Здесь Годар в исполнении Луи Гарреля (опять он!) — не лидер, а ведомое создание, игрушка в руках судьбы и истории. Известный и популярный, он не знает, куда дальше двигаться, как еще порубить в лапшу пленку, как еще подразнить обывателя. А тут — какая удача! — студенты хотят перемен. Только стареющему очкарику с ними на самом деле не по пути. В зеркале он видит себя Дзигой Вертовым, но на деле уже грузный, с брюшком, плешивый представитель старшего поколения. Демонстрации кончаются только разбитыми очками, пикировки со скучными «папашами» больше похожи на ленивые потасовки в универсаме, а свободная любовь хороша на словах: в случае чего присущую от природы ревность и мнительность куда девать? Если драматургия — это электричество между человеком и средой, временем и героем, у Хазанавичуса классно получилось. Если нет — всё равно неплохо: так им и надо, бунтарям, чтобы не ленились.
Парадокс: протесты 1968-го начались не в Париже, а в Штатах.
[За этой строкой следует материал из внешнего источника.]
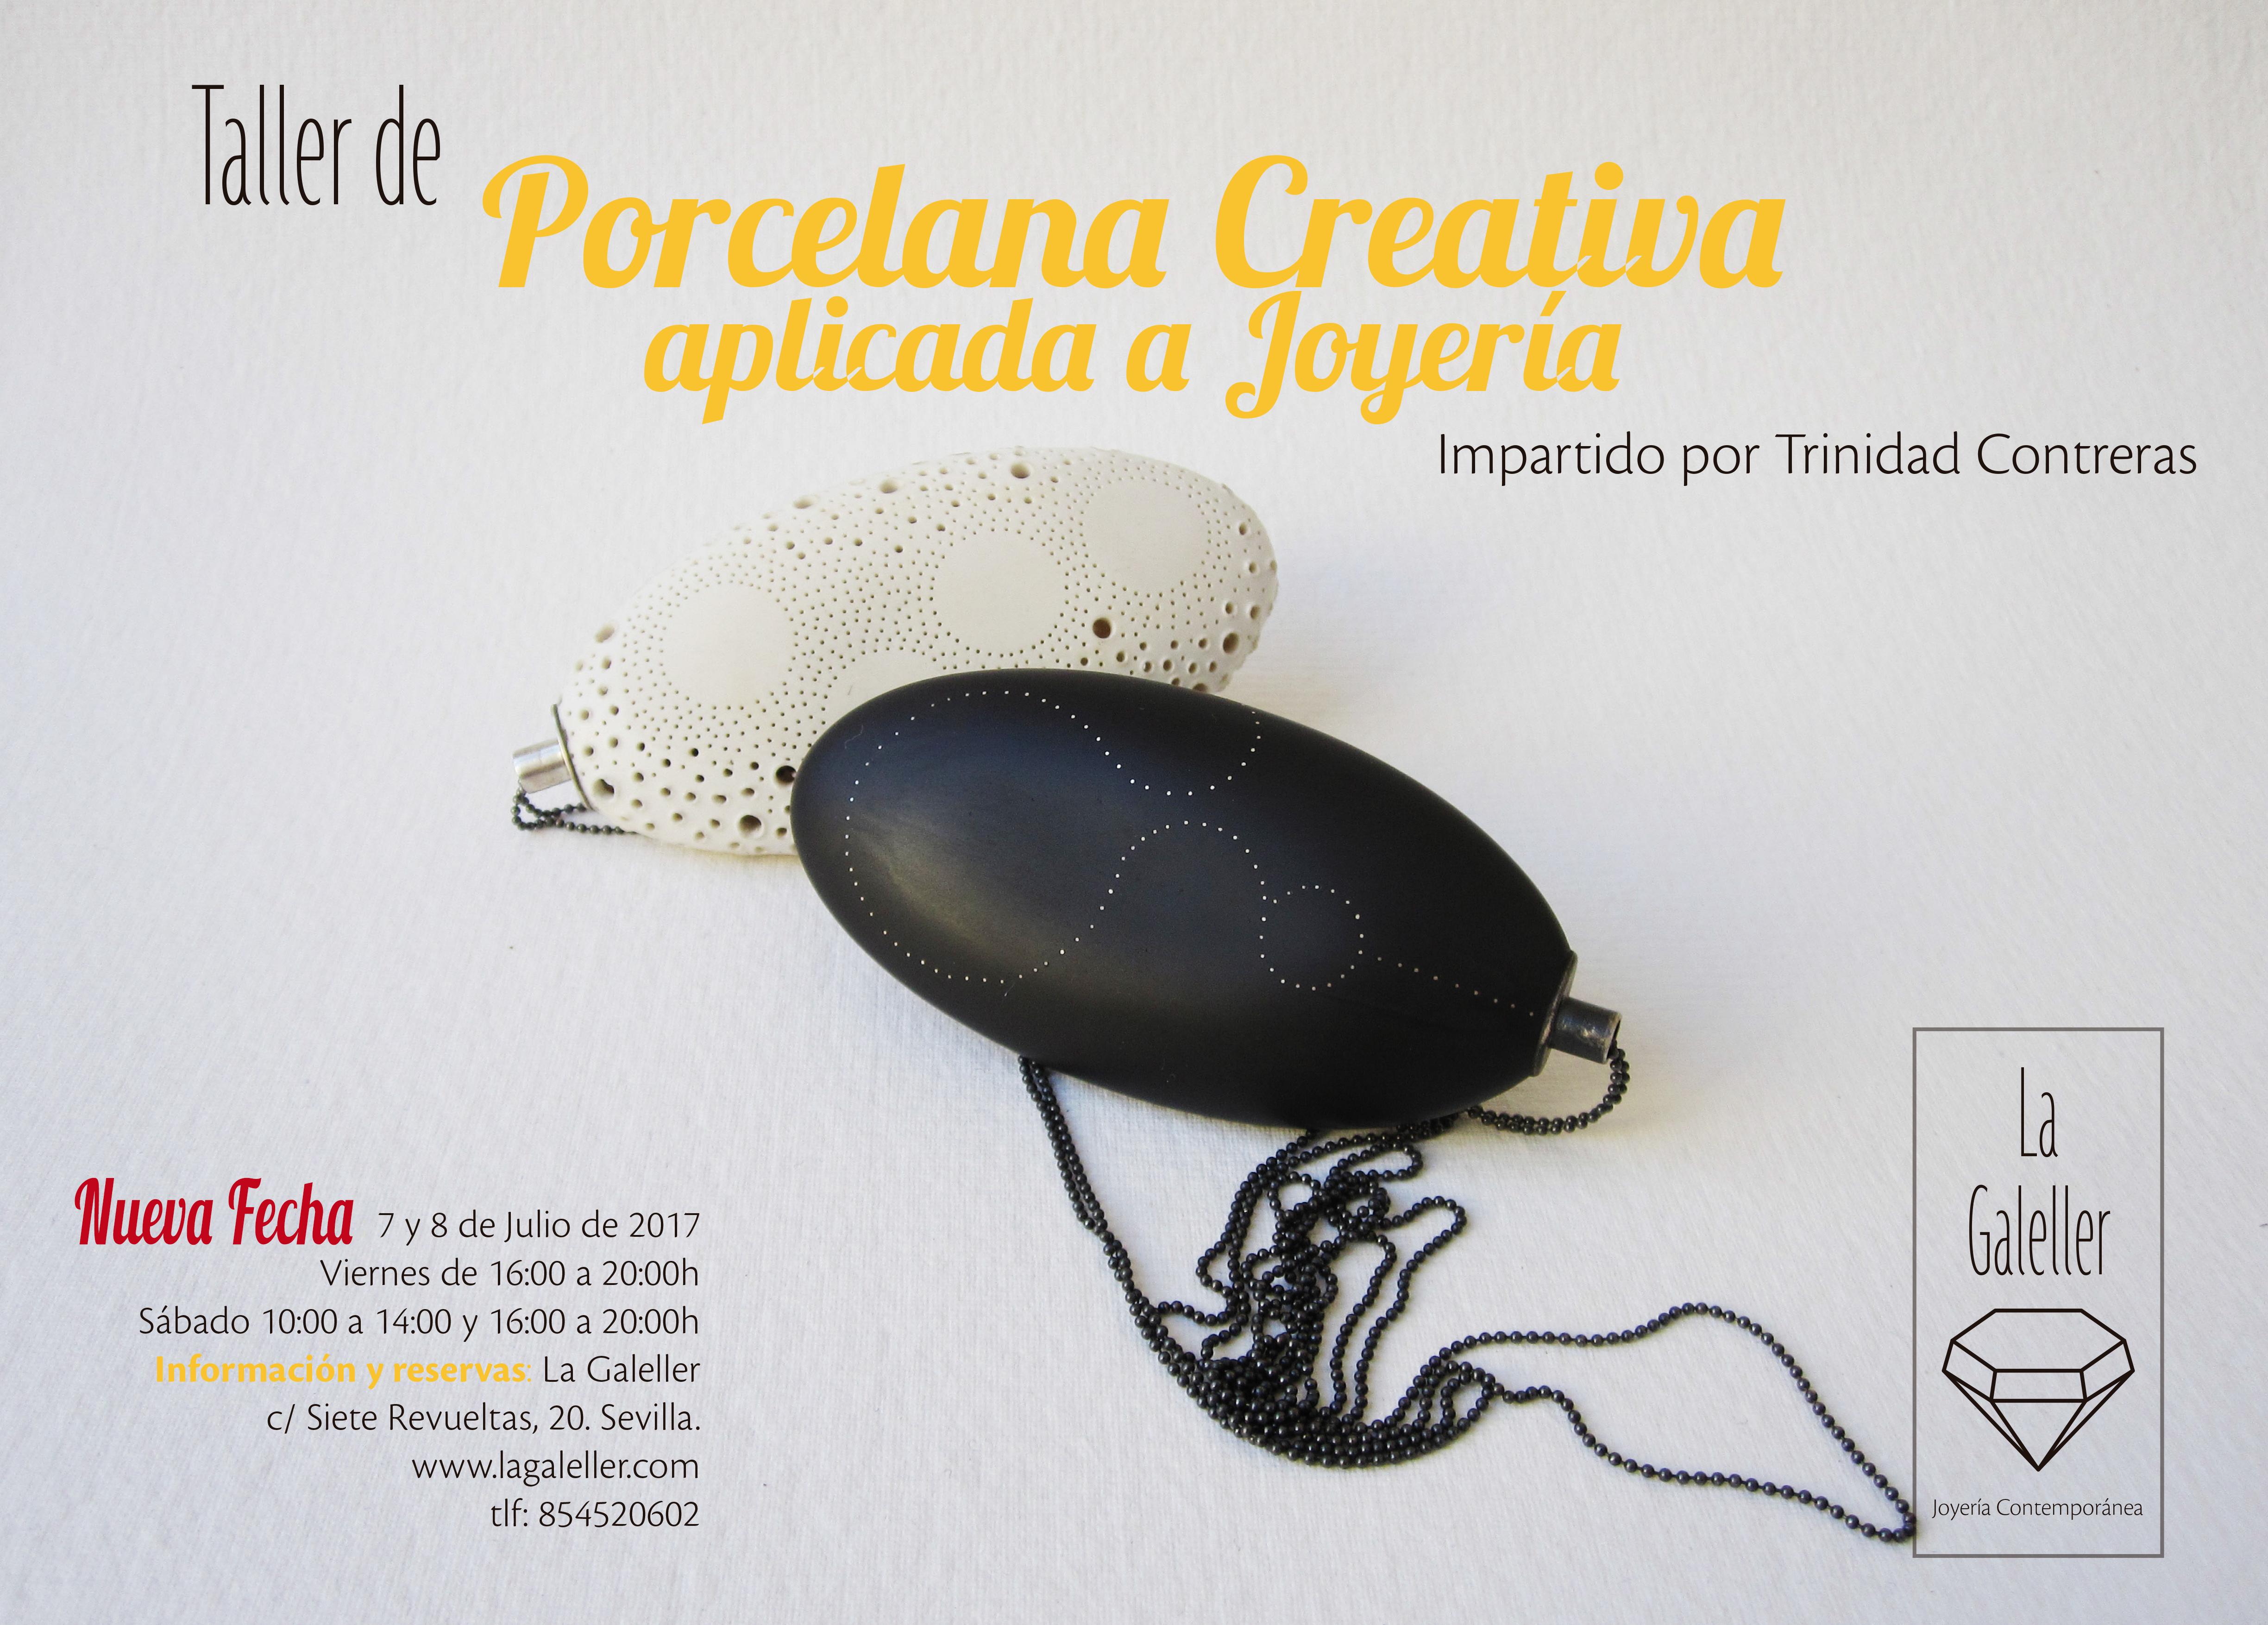 Porcelana Creativa en Joyería

Перемены, которые этот год принес в страну, здесь были заметнее некуда, к тому же Америка — синоним кинематографа. И все-таки французские коллеги смогли создать миф об этой точке своей истории, а американские коллеги так и не собрали канон из осколков фактов и явлений. Да, приходил Форрест Гамп к Белому Дому, говорил в микрофон, тусовался и с хиппанами, и с «черными пантерами». Но все эти явления — борьба за права темнокожих, «лето любви» — были такими большими и длительными в Штатах, что сам по себе 1968-й остался только страницей в календаре, но никак не главной точкой в истории.
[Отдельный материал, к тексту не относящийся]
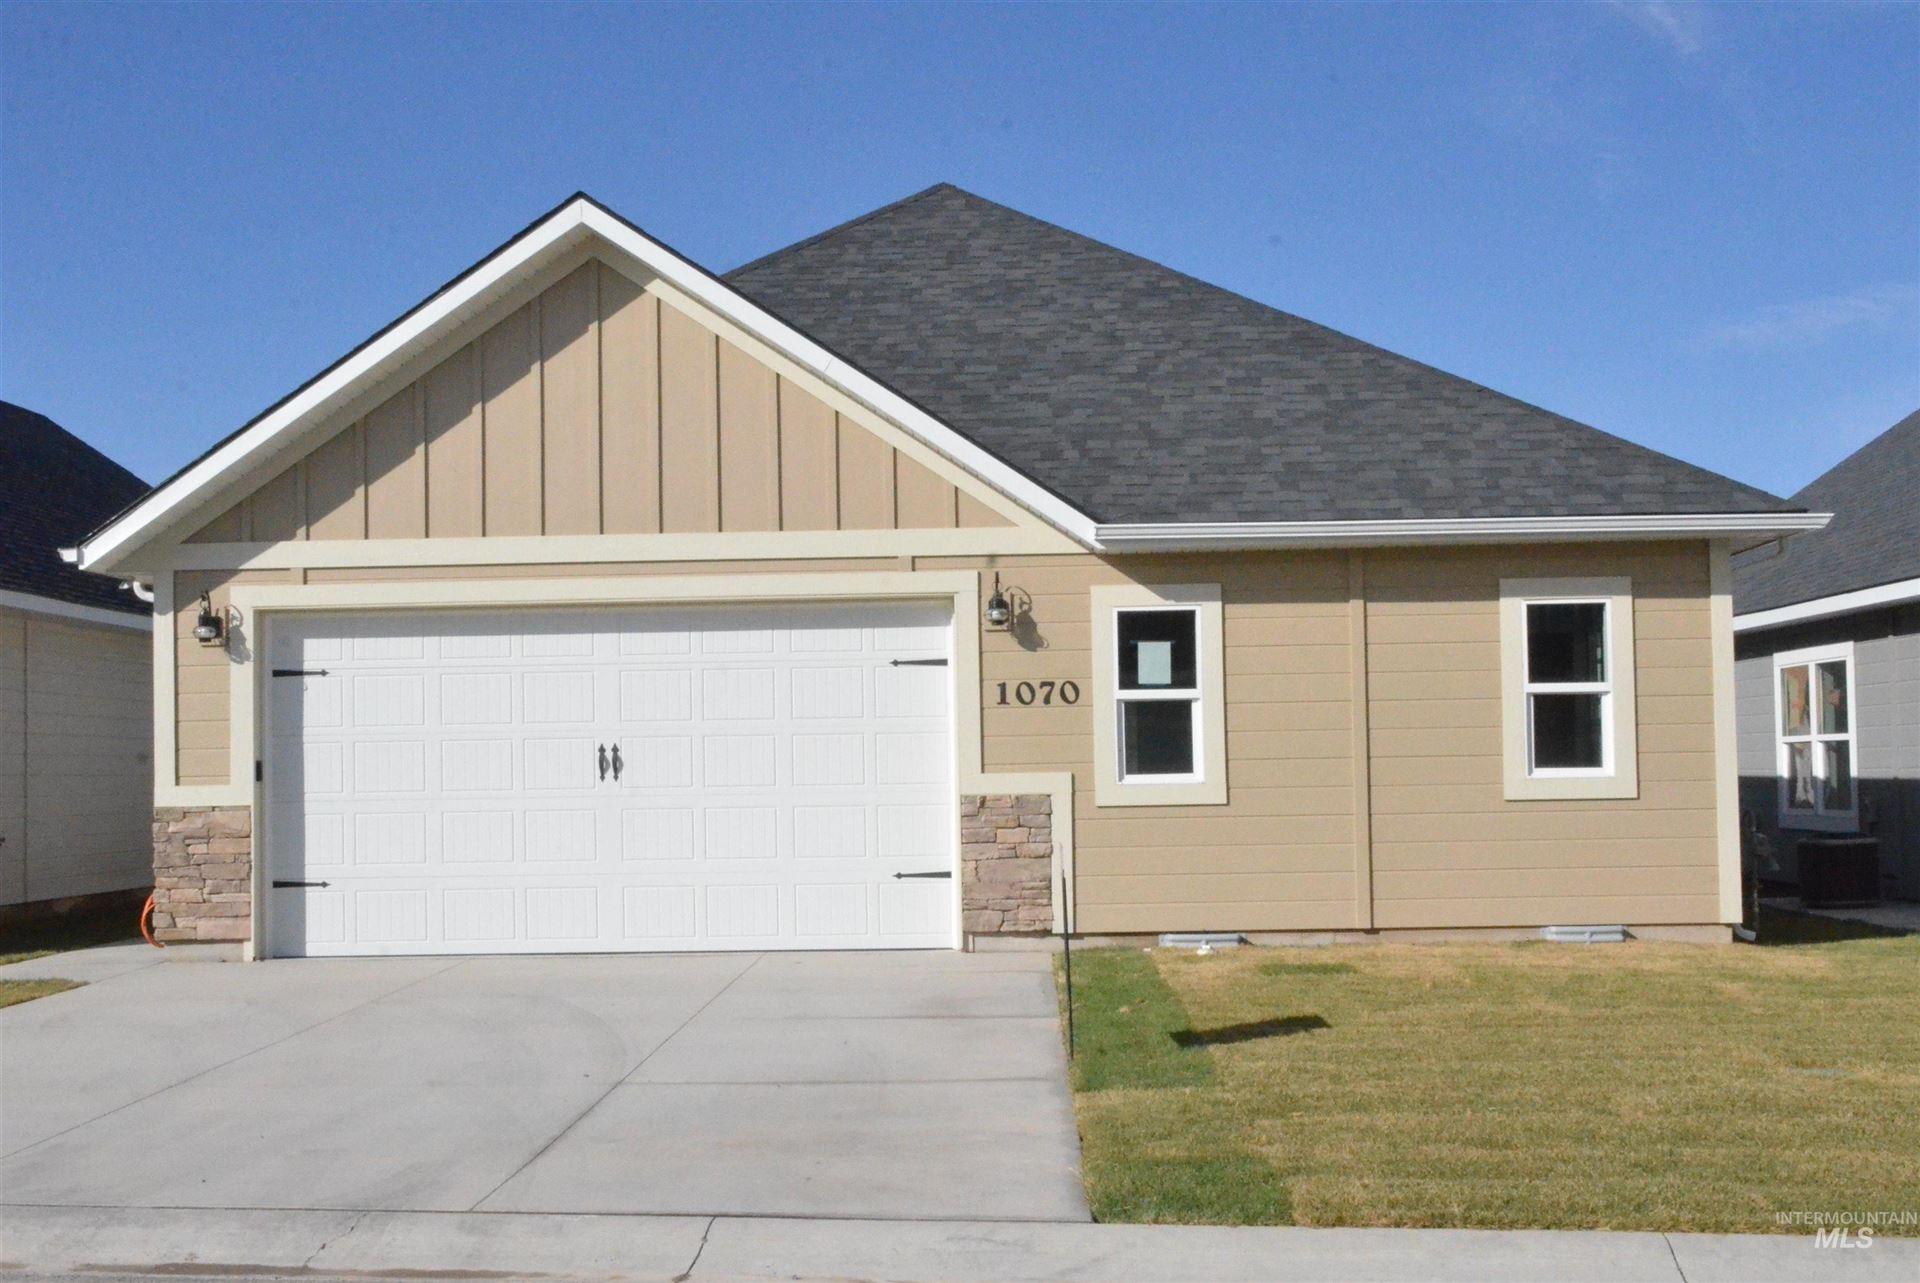 1070 Easy Ave., Twin Falls, ID 83301 - MLS#: 98812876

Единственный в своем роде фильм о 1968 годе от начала до конца — «Процесс над Чикагской семеркой» Аарона Соркина. В Чикаго в 1968 году респектабельные ястребы войны начали готовиться к выборам, победе Никсона, продолжению войны во Вьетнаме. Молодые люди пытались им сказать, что не рады съезду террористов и напыщенных индюков. За что всех повязали и разогнали, прежде устроив побоище. Случайную семерку посадили — и попытки оправдать этих жертв государственного террора составляют весь сюжет фильма. Казалось бы, противостояние неравное: за судьей статус, деньги, связи, власть (вон даже Никсона переизбрали). Единственный союзник граждан кандидат-демократ Роберт Кеннеди убит. Но семерка фриков вступает в борьбу с этой стабильной и крепкой системой, которая с каждой секундой выдает свою слабость. Вся ее мощь и сила напускные. Судья даже троллинга вынести не способен — да чего там, он элементарно колкости подсудимых не расслышит. У этих всемогущих и вечнозеленых челюсти вставные, глаза не видят, руки не работают. Всё, на что они способны, — мелкие пакости, хитроумные комбинации («ах, какой я сообразительный!»). Победить их трудно, но можно показать всему миру, какие это жалкие и мелочные создания. Можно зарезервировать им место на свалке истории — там их давно ждут.